幻覺排毒：用於大型語言模型訓練的敏感神經元放棄（SeND）

摘要

隨著大型語言模型（LLMs）在各行業中的部署日益增加，對其可靠性的擔憂也日益增加，特別是由於幻覺-輸出結果在事實上不準確或與用戶輸入無關。我們的研究調查了訓練過程與幻覺出現之間的關係，以解決現有研究中的一個關鍵缺口，該研究主要集中在事後檢測和緩解策略。我們使用Pythia套件中的模型（70M-12B參數）和多個幻覺檢測指標，分析訓練過程中的幻覺趨勢，並探索LLM內部動態。我們引入了一種名為SEnsitive Neuron Dropout（SeND）的新型訓練協議，旨在通過在訓練過程中減少變異來緩解幻覺。SeND通過在數據集上具有顯著變異性的神經元，即敏感神經元，來確定性地丟棄神經元來實現這一目標。此外，我們開發了一種無監督幻覺檢測指標，即Efficient EigenScore（EES），它以2倍速度近似傳統的EigenScore。這種高效的指標被整合到我們的協議中，使SeND在計算上既可擴展又能有效減少幻覺。

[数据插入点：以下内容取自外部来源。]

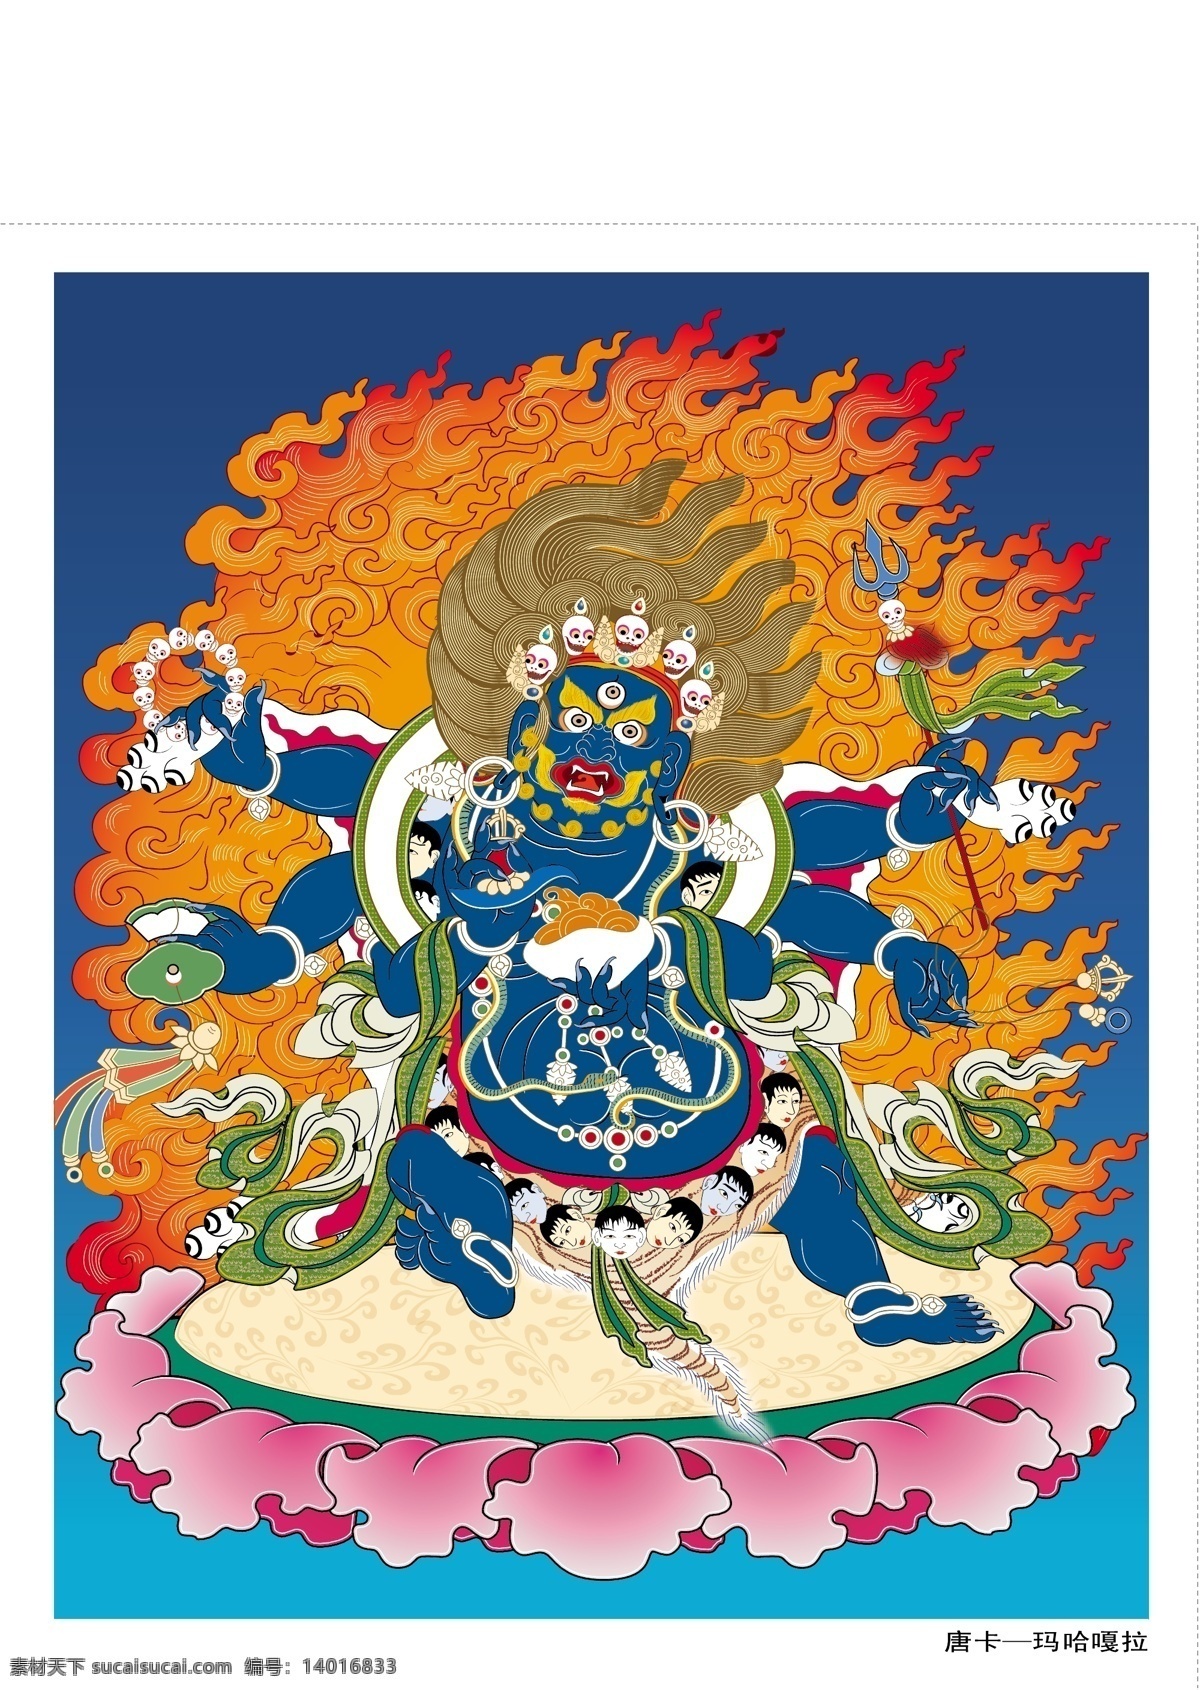 藏传佛教 唐卡 玛哈嘎拉 唐卡15 文化艺术 宗教信仰 矢量图库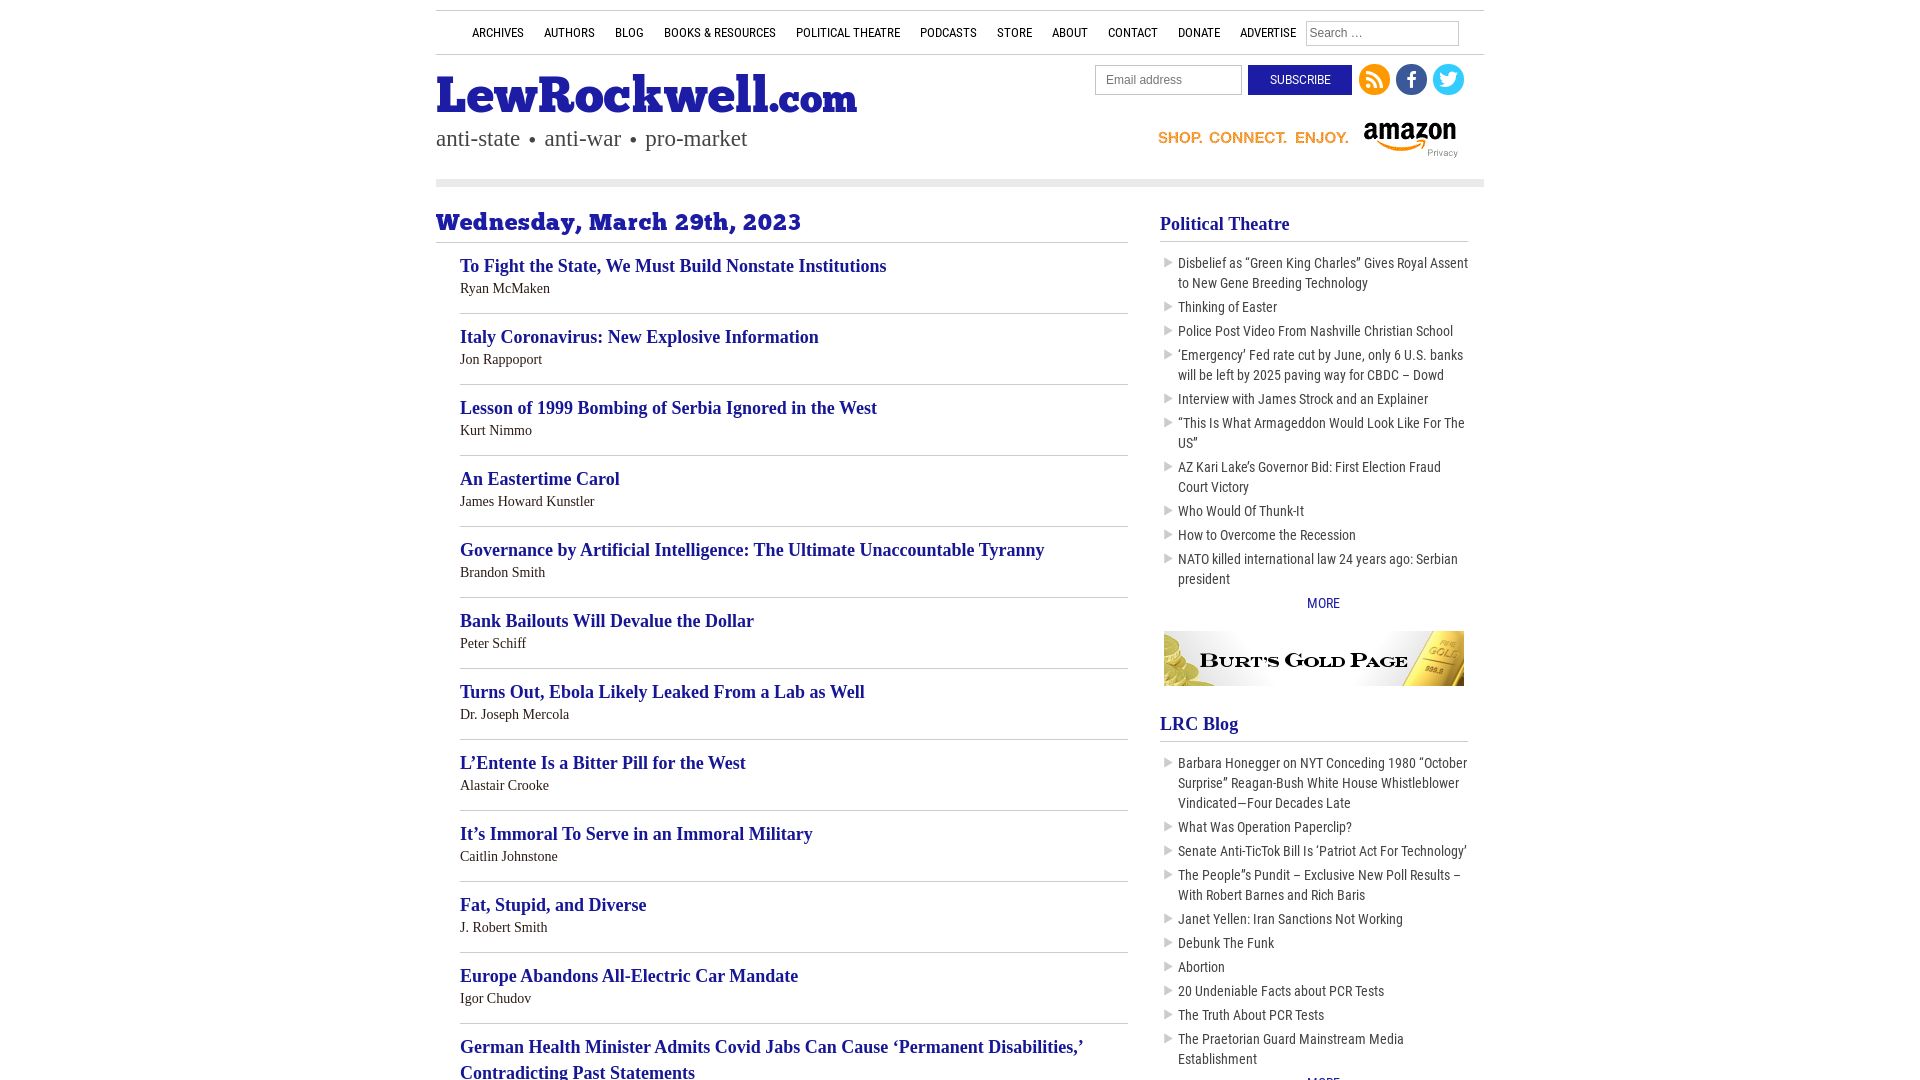 État du site web lewrockwell.com est   EN LIGNE

我們的實證評估表明，與正常訓練相比，我們的方法在測試時將LLM的可靠性提高了高達40％，同時還提供了一種有效的方法，可以在將LLM適應於維基百科和醫學數據集等領域時提高事實準確性。

English

As large language models (LLMs) become increasingly deployed across various industries, concerns regarding their reliability, particularly due to hallucinations-outputs that are factually inaccurate or irrelevant to user input-have grown. Our research investigates the relationship between the training process and the emergence of hallucinations to address a key gap in existing research that focuses primarily on post hoc detection and mitigation strategies. Using models from the Pythia suite (70M-12B parameters) and several hallucination detection metrics, we analyze hallucination trends throughout training and explore LLM internal dynamics. We introduce SEnsitive Neuron Dropout (SeND), a novel training protocol designed to mitigate hallucinations by reducing variance during training. SeND achieves this by deterministically dropping neurons with significant variability on a dataset, referred to as Sensitive Neurons. In addition, we develop an unsupervised hallucination detection metric, Efficient EigenScore (EES), which approximates the traditional EigenScore in 2x speed. This efficient metric is integrated into our protocol, allowing SeND to be both computationally scalable and effective at reducing hallucinations. Our empirical evaluation demonstrates that our approach improves LLM reliability at test time by up to 40% compared to normal training while also providing an efficient method to improve factual accuracy when adapting LLMs to domains such as Wikipedia and Medical datasets.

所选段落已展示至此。